Lake Louie Brewing of Arena epitomizes handcrafted microbrewing. Hidden away on a 20-acre farm belonging to Tom Porter, this brewery is named after the lake on the property once owned by Porter's Uncle Louie. Porter started as a homebrewer, then went on to open his own brewery nearly eight years ago. Today he makes five standard beers and a half-dozen seasonals. Brother Tim's Tripel is only available once a year -- and now is the time.
What is it? Brother Tim's Tripel Belgian from Lake Louie Brewing
Style: Belgian Tripels are complex, with mild spicy tones, sweet yeasty banana esters, deep malty sweetness and a warm finish. They're usually pale or light golden, and very bubbly. Traditional Belgian Tripels are bottle conditioned (continuing to ferment in the bottle). They are one of the few beers that can actually become better after they've aged a year or two. Commonly brewed with candy sugar, the Tripel often has a high alcohol content, evident in its warm finish.
Background: Lake Louie Brewing introduced this beer in 2002. It's an evolution of the brewery's summertime favorite, Belgian Prairie Moon. Brewer Tim Wauters, for whom the beer is named, began culturing the yeast for this year's version back in April from the strain used in the first batch of Prairie Moon. Brother Tim's Tripel is made with 100% barley malt and German hops, which Wauters says give his beer better balance between the malty sweetness and the hoppy bitterness. At $12-$13 a six-pack, this is one of the more expensive local beers you'll find.
- Aroma: Strong, sweet, yeasty.
- Appearance: Hazy, golden color with a thick, soft white head.
- Texture: Full-bodied and bubbly. Warm from the very beginning.
- Taste: Begins with fruity, yeasty, sweetness, complemented by a dry spicy background with faint hints of clove.
- Finish/Aftertaste: A long, lingering warmth, dry bitterness.
Glassware: A tulip glass will let the beer's soft white head and aromas gracefully expand, while adding to the overall presentation. Allow this beer to warm up a little, and you'll find the sweet fruity tones even more pronounced.
Pairs well with: East Asian cuisines. Go with Mandarin-style over zesty and hot entrees, because the sweetness and fruitiness of this beer will complement the flavors and textures of those dishes. With its spicy and bitter tones, it also has enough hoppiness to work well with sausages and fried dishes.

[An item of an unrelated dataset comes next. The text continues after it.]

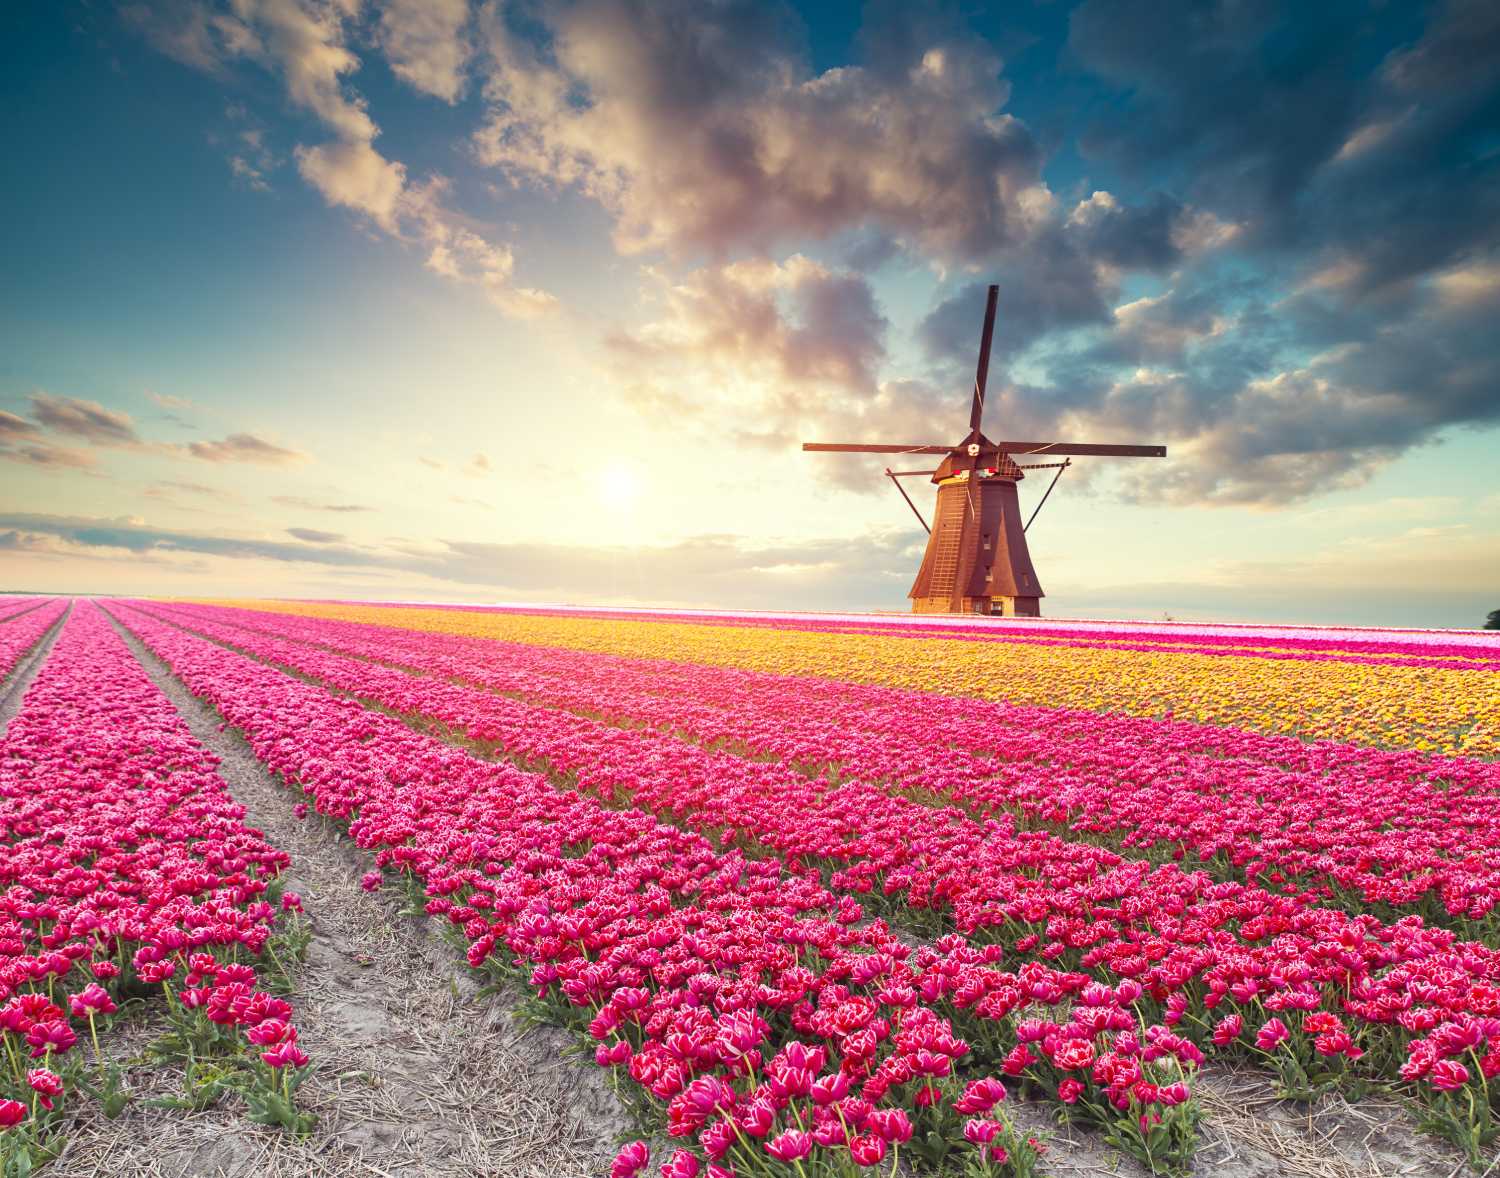 Windmill in a field of tulips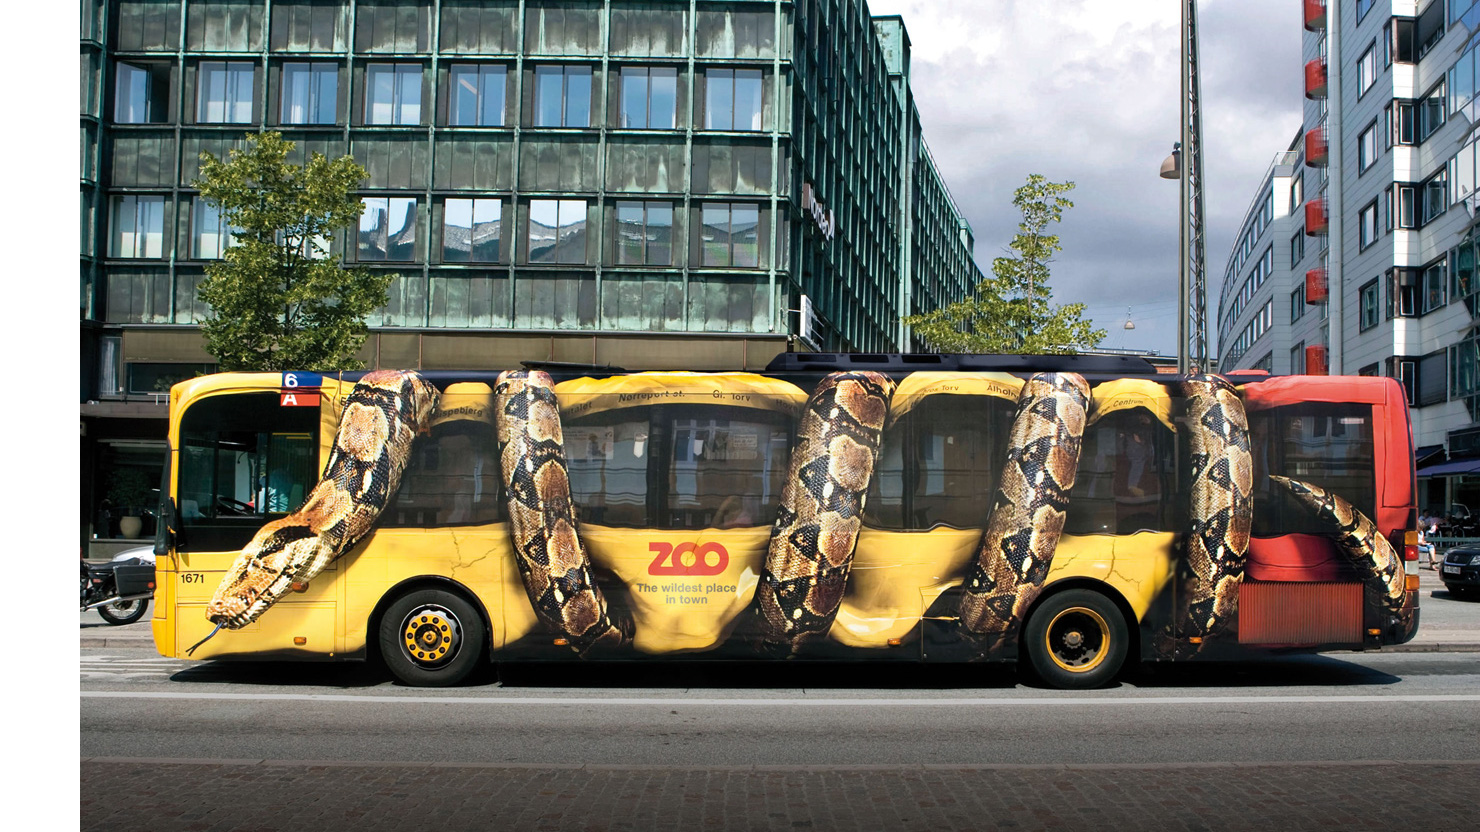 Реклама зоопарка на городском автобусе в Копенгагене.

Rating: Three Bottle Openers.
(I am using a one to four bottle opener scale: four is a great beer, distinctive, you'll have this over others; three is a beer you enjoy, reliable, close to its described style; two is problematic, lacks distinction, but worth having again; one is a beer that isn't true to its style, you would not recommend it to a friend.)
The Verdict: It's difficult for me to not give a good beer like Brother Tim's my highest mark of four bottle openers, since I know this beer will improve with a little aging. The 2007 version gets three, but the Tripel you buy today will smooth out, taking the edge off the spiciness, within a few months. It's a case of allowing the good to become great -- and this beer is worth squirreling away a few bottles for winter!